Goal of the exercise: Restate the whole listing below word for word and keep the images out.

Data excerpt:
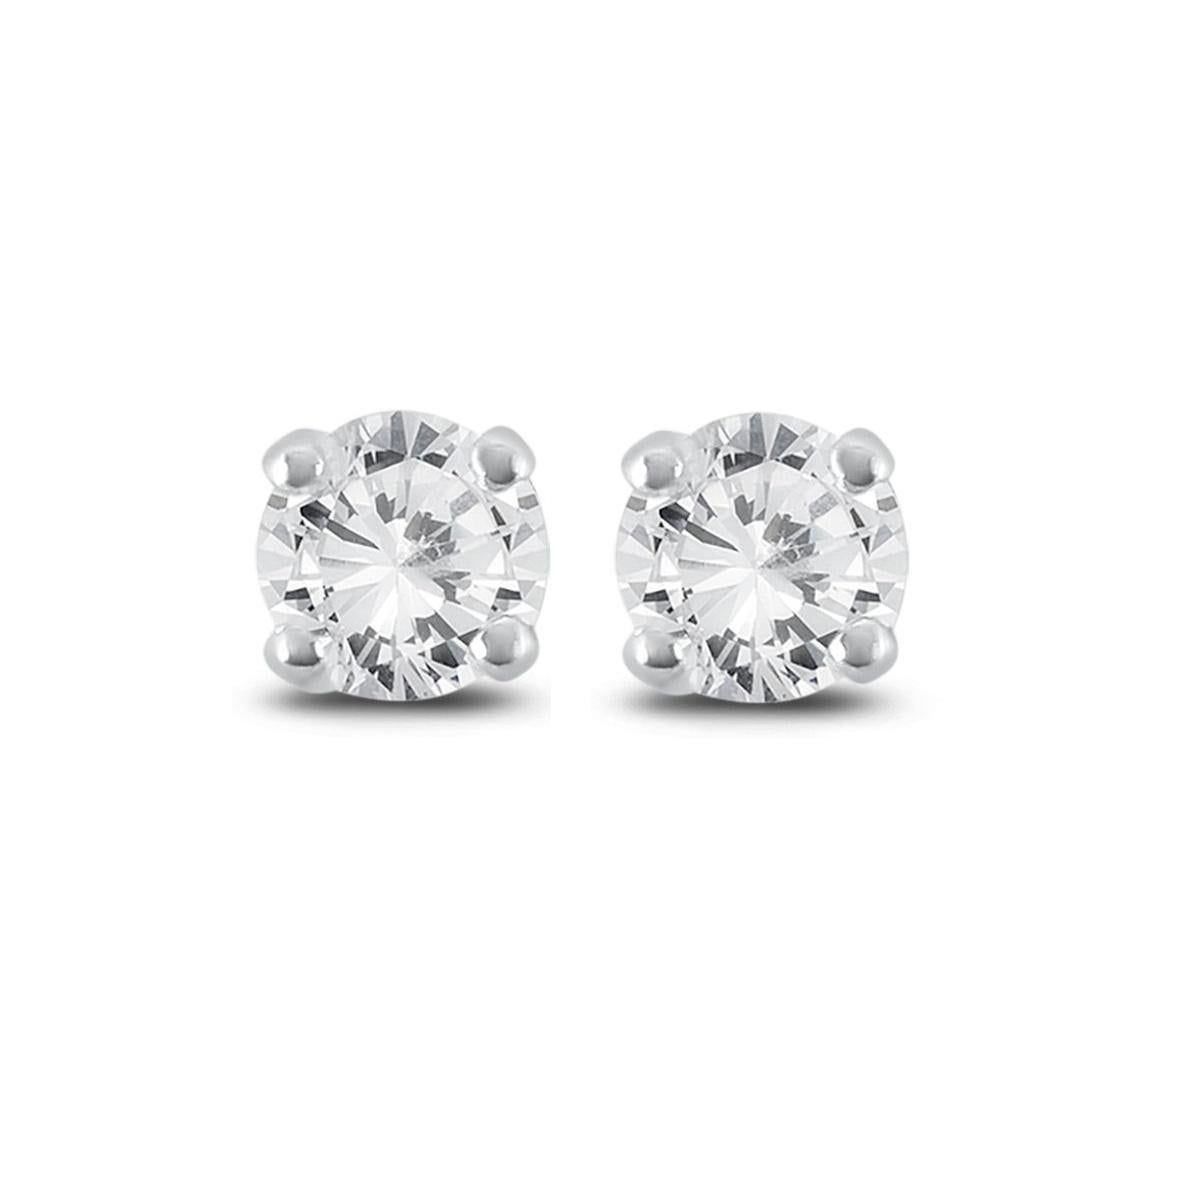 14K White Gold Diamond Earrings featuring 0.15 Carat T.W. of Natural Diamonds

Underline your look with this sharp 14K White Gold Diamond Earrings. High quality Diamonds. This Earrings will underline your exquisite look for any occasion.

. is a
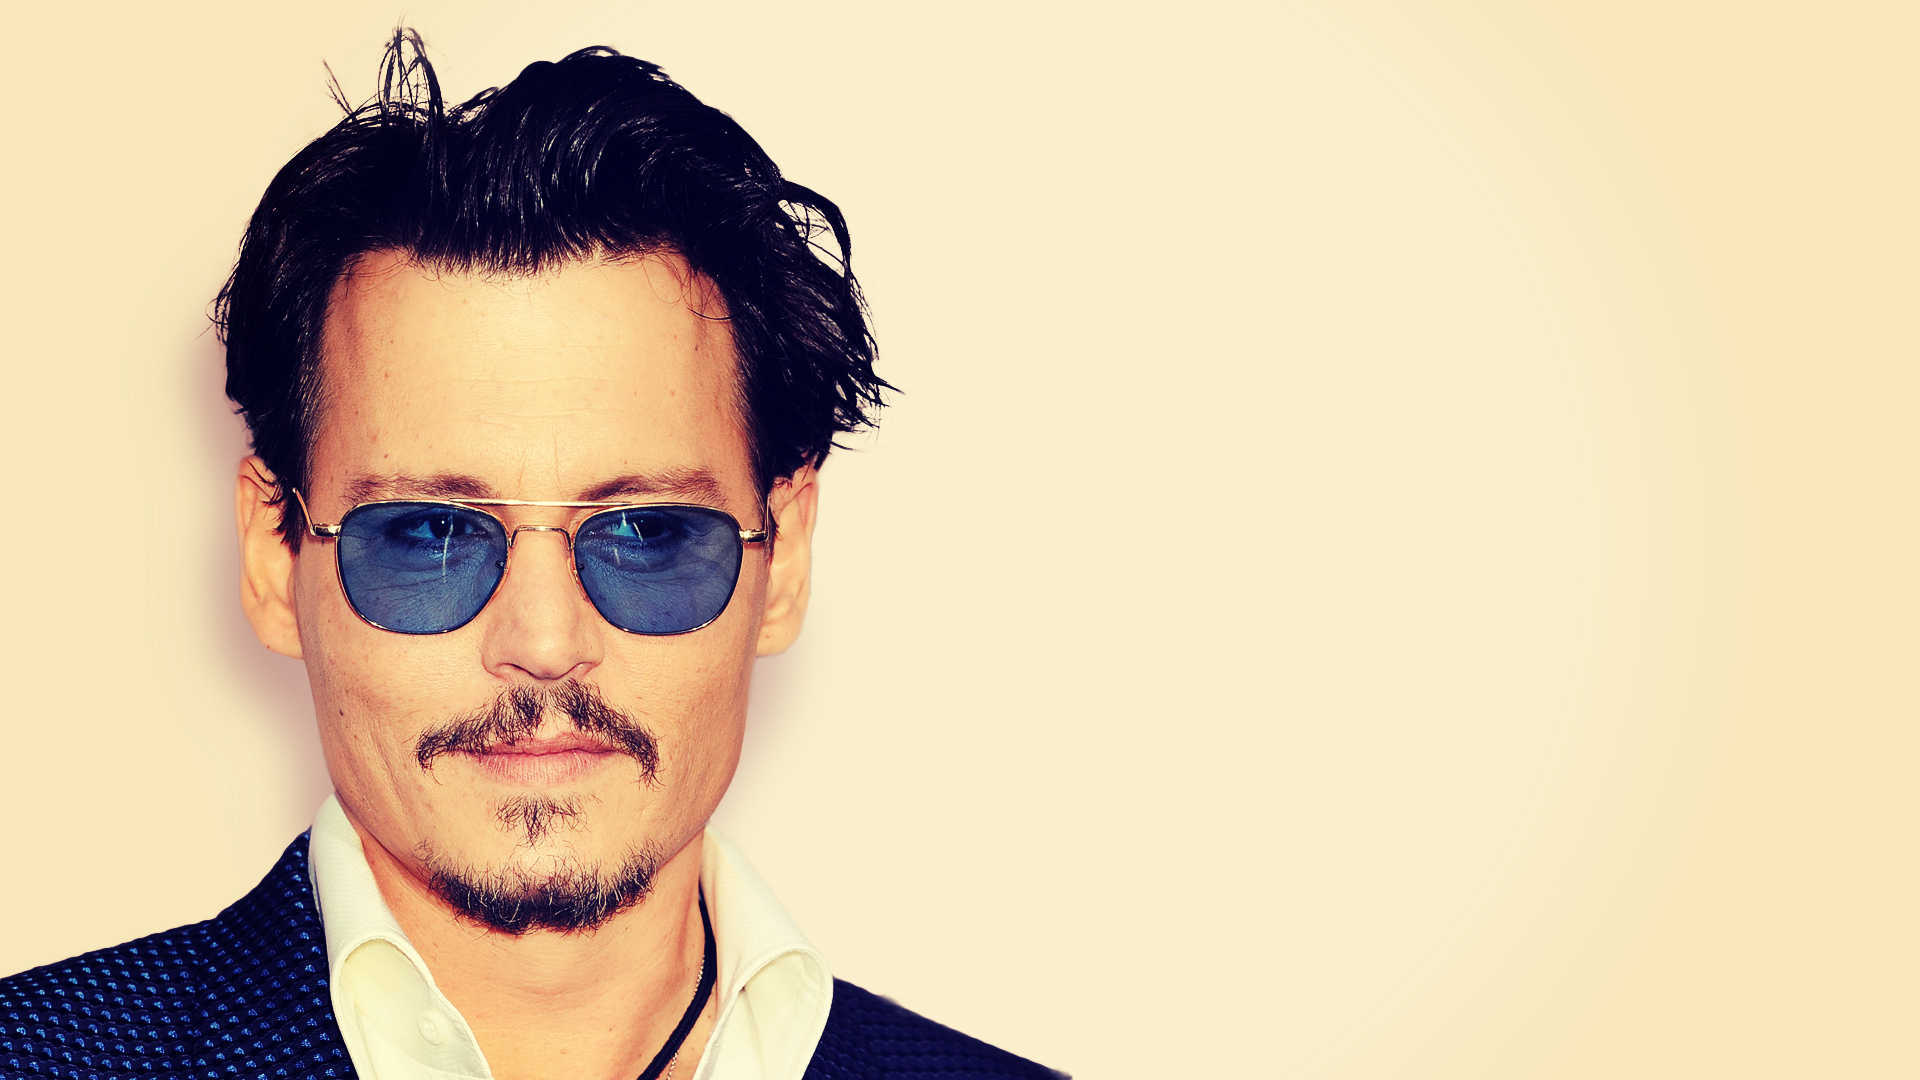 Latest Collection of Johnny Depp Wallpaper in HD

Solution to this exercise:
 14K White Gold Diamond Earrings featuring 0.15 Carat T.W. of Natural Diamonds

Underline your look with this sharp 14K White Gold Diamond Earrings. High quality Diamonds. This Earrings will underline your exquisite look for any occasion.

. is a
 Latest Collection of Johnny Depp Wallpaper in HD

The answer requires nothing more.